06/23/19 at 2:00 p.m.
06/23/19 at 10:00 p.m.
06/24/19 at 6:00 a.m.

In an interview on 07/09/19 at 8:40 a.m. with S3DQM, she verified, according to the MAR Audit Report, that Patient #3 had missed 4 doses of Metronidazole. She stated the reason the Metronidazole had not been given was because Patient #3 was NPO. She reported no occurrence/event report had been written and indicated the physician was not notified about the missed doses because the patient was NPO.

In an interview on 07/09/19 at 9:30 a.m. with S4Pharm regarding the MAR Audit Report, he confirmed Patient #4 had missed 4 doses of metronidazole and the nurses had written in the comment section that the patient was NPO. S4Pharm indicated he does not follow up on this and the missed doses were considered "excused". S4Pharm explained the investigation into the missed medication doses had ended after being told, by staff, that the patient was NPO.

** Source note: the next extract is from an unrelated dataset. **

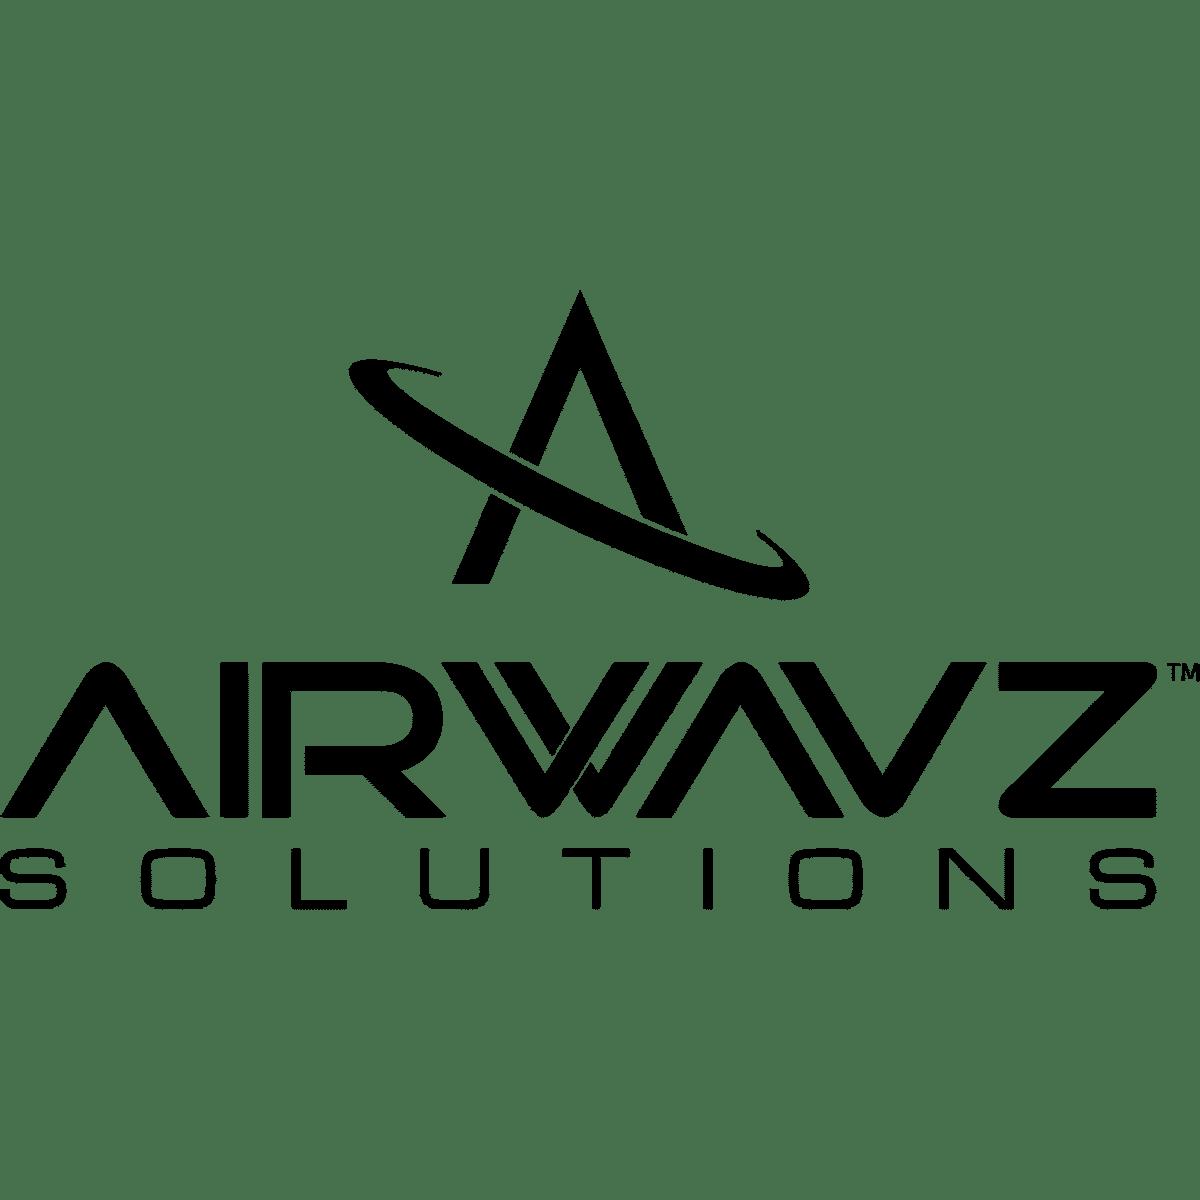 airwavz
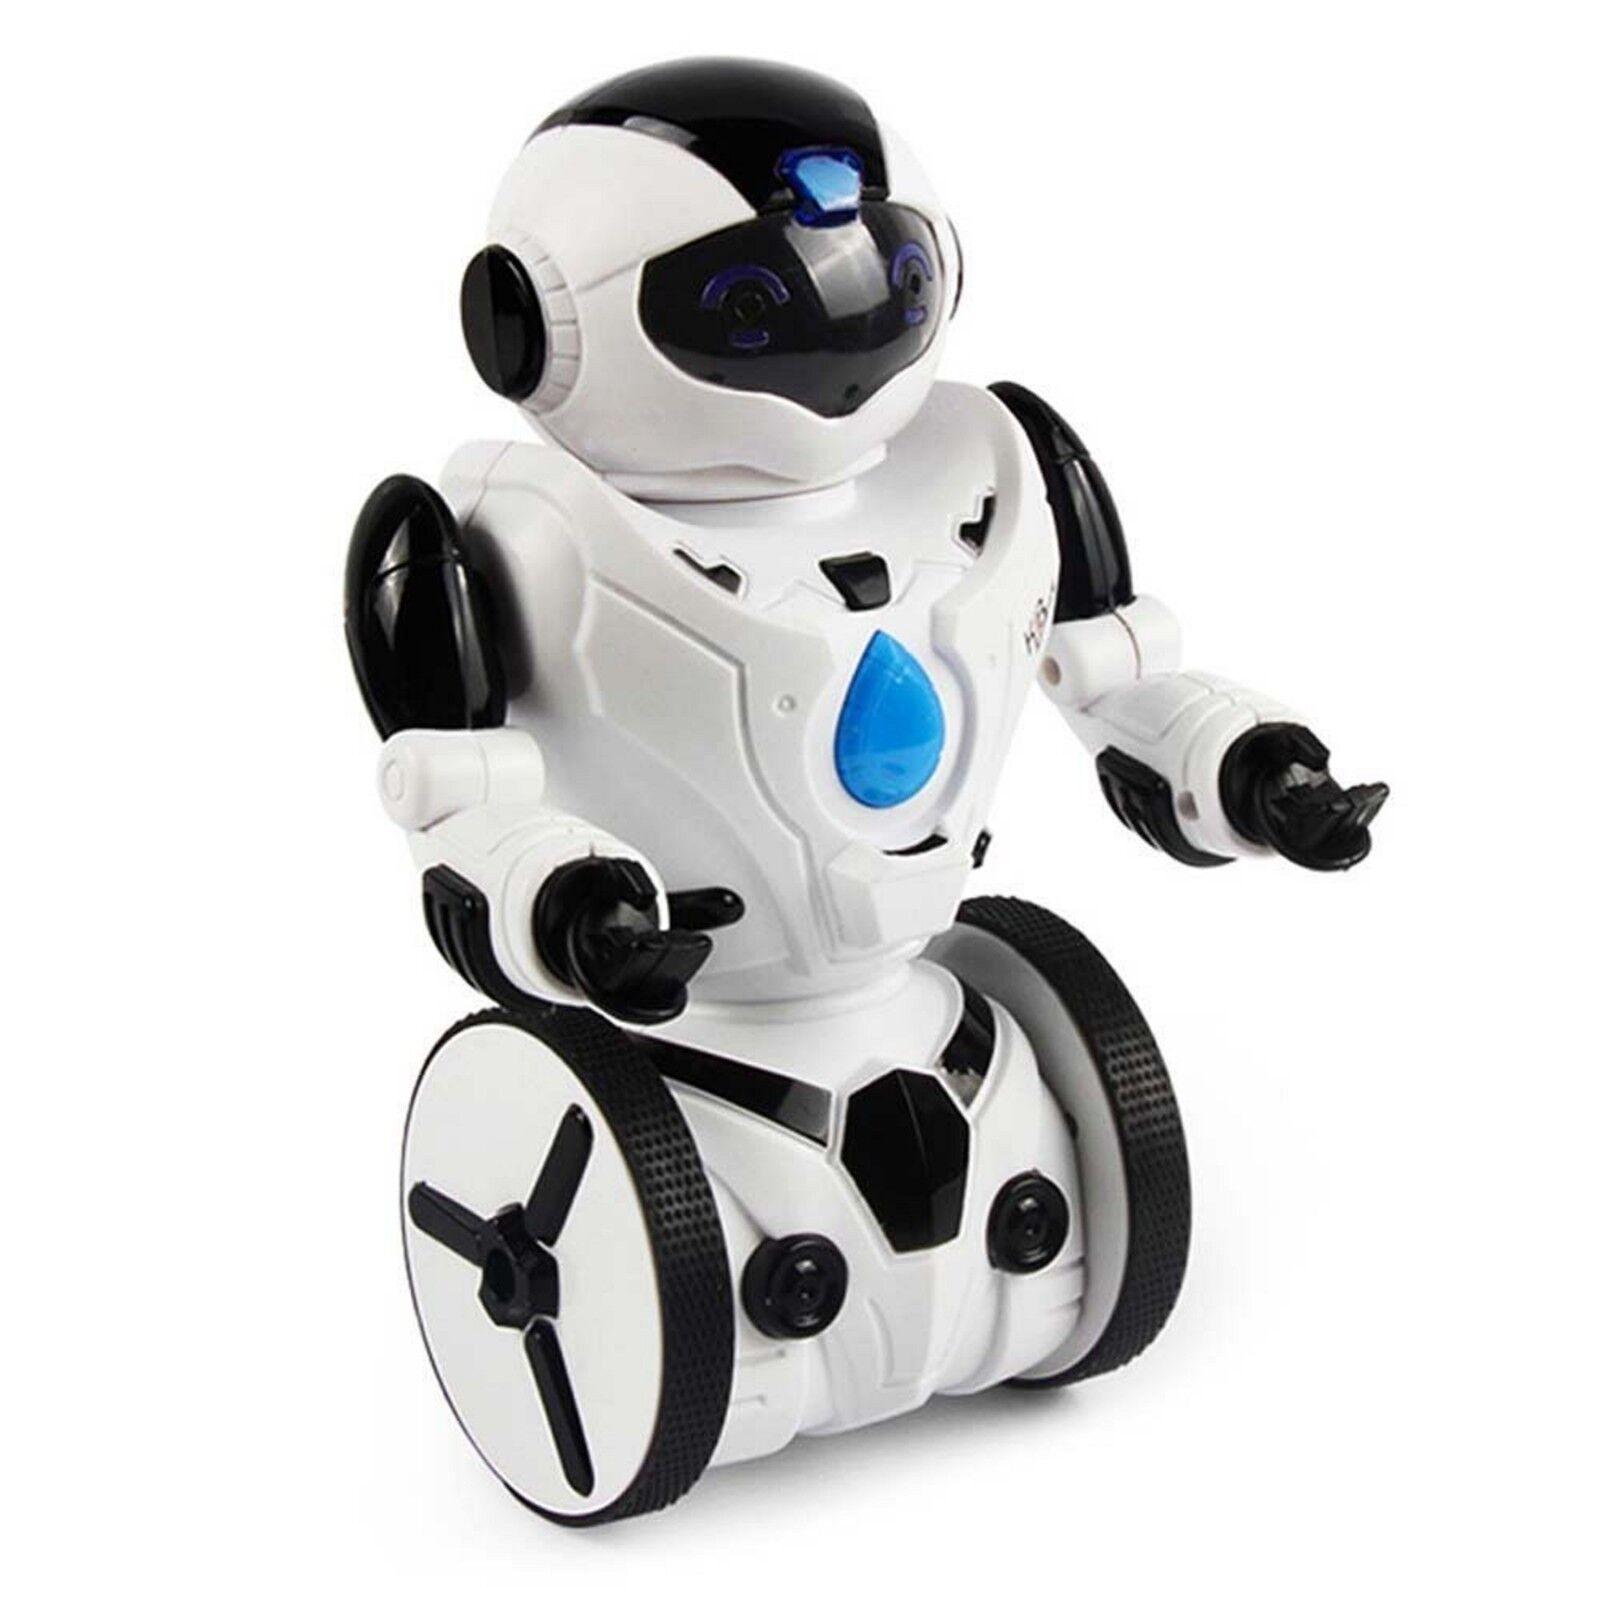 JXD 1016A KIB Intelligent Balance RC Remote Control Control Control Robot Ages 8+ nuovo giocattolo Gift 3cb4ae

In an interview on 07/10/19 at 3:20 p.m. with S9LPN, she reported if a patient is NPO and is on oral medication, you must notify the physician before omitting the dose.

In an interview on 07/11/19 at 3:00 p.m. with S10LPN, she reported if a patient is NPO and on ordered oral medications, you do not give the medication, and you do not notify the physician.


Patient #7
Review of Patient #7's electronic medical record on 07/09/19 at 1:10 p.m., with the guidance of S5RT, revealed the patient was a 43 year old admitted on 02/11/19 with admission diagnoses of Osteomyelitis and MRSA. Further review revealed the patient was discharged on 03/18/19.

Review of Patient #7's physican's orders revealed an order on 02/22/19 for Ancef IVPB every 8 hours for infection.

Review of the hospital's Medication Event Report revealed Patient #7 had missed a dose of Ancef on 03/14/19 at 6:00 a.m. Further review revealed S2CCO had completed an event report notifying the nurse whom omitted the antibiotic. Additional review revealed no documented evidence that the physician was notified of the missed medication dose on 03/14/19 at 6:00 a.m.

In an interview on 07/09/19 at 9:35 a.m. with S4Pharm regarding Patient #7 missing a dose of antibiotic, he stated he identifies the medication was omitted and he notifies S2CCO. He further stated S2CCO handles the event report after this point. S4Pharm stated he did not know if the physician was notified of the omitted dose of antibiotic.